We investigated the searching behaviour of two species of predatory mites, Typhlodromips swirskii (Athias-Henriot) and Euseius scutalis (Athias-Henriot), both known to feed on immature stages of the whitefly Bemisia tabaci Gennadius. When released in a greenhouse inside a circle of cucumber plants that were alternatingly clean or infested with immature whiteflies, the mites took several days to find plants. Both species were recaptured significantly more on plants with whiteflies. This suggests that the mites are able to discriminate between plants with and without whiteflies. The predators may either have been attracted to plants with whiteflies from a distance or arrested on plants with whiteflies.
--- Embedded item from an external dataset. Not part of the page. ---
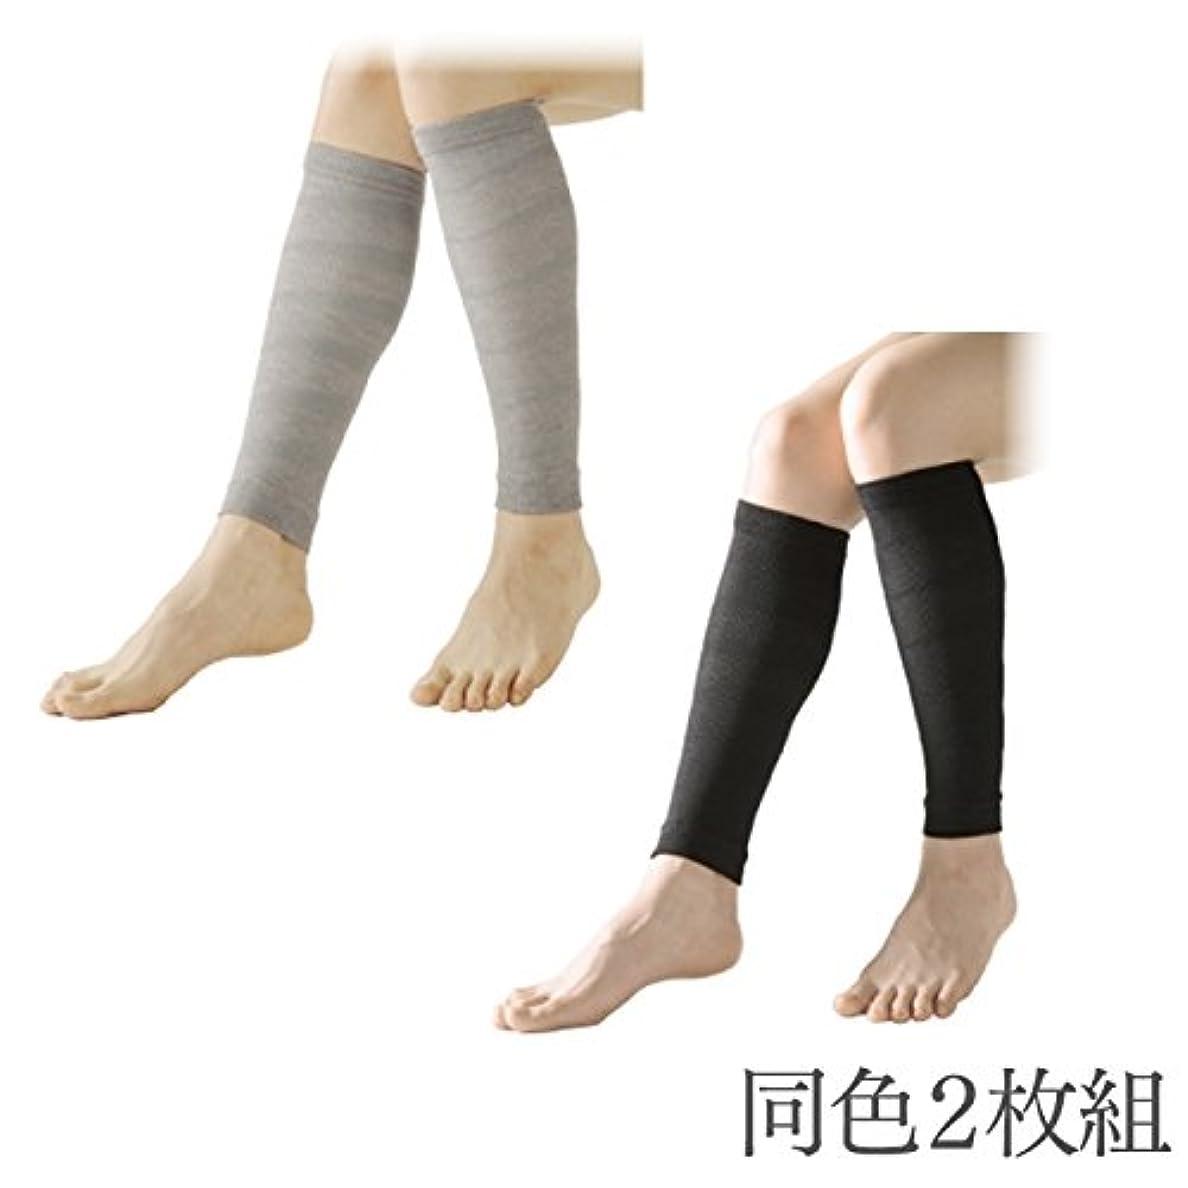 透ける侵入フィットネス着圧ソックス 足のむくみ 靴下 むくみ解消 着圧ふくらはぎサポーター 2枚組

Typhlodromips swirskii that had previously fed on whitefly immatures on cucumber leaves were significantly attracted by volatiles from cucumber plants with whiteflies in a Y-tube olfactometer. This suggests that the mites use volatile cues to discriminate between infested and clean plants. However, this response waned rapidly; if predators, experienced as above, were starved for 3–4 h in absence of cucumber leaves, they no longer preferred volatiles of infested plants to clean plants. Furthermore, T. swirskii that had no experience with immature whiteflies on cucumber plants also did not prefer odours of infested plants to those of clean plants. Because the release experiment with this species in the greenhouse was done with inexperienced predators, this suggests that the aggregation of mites on plants with whiteflies was mainly caused by differential arrestment of mites on plants with prey and clean plants. For T. swirskii, this was in agreement with the finding that the fraction of predators on plants with prey increased with time to levels higher than 70%. A less clear trend was found for E. scutalis, for which the fraction of predators on plants with prey stabilized soon after release to levels from 54–70%. Hence, the predatory mites may find plants with prey by random searching, but they are subsequently arrested on these plants.
An earlier study showed that 87% of all whiteflies released in a set-up as used here were recaptured within 1 day. Hence, the effectiveness with which predatory mites locate plants with whiteflies is low compared with that of their prey. We expect this to generate spatial patterns in the dynamics of predator and prey and this may have consequences for biological control of whiteflies with predatory mites.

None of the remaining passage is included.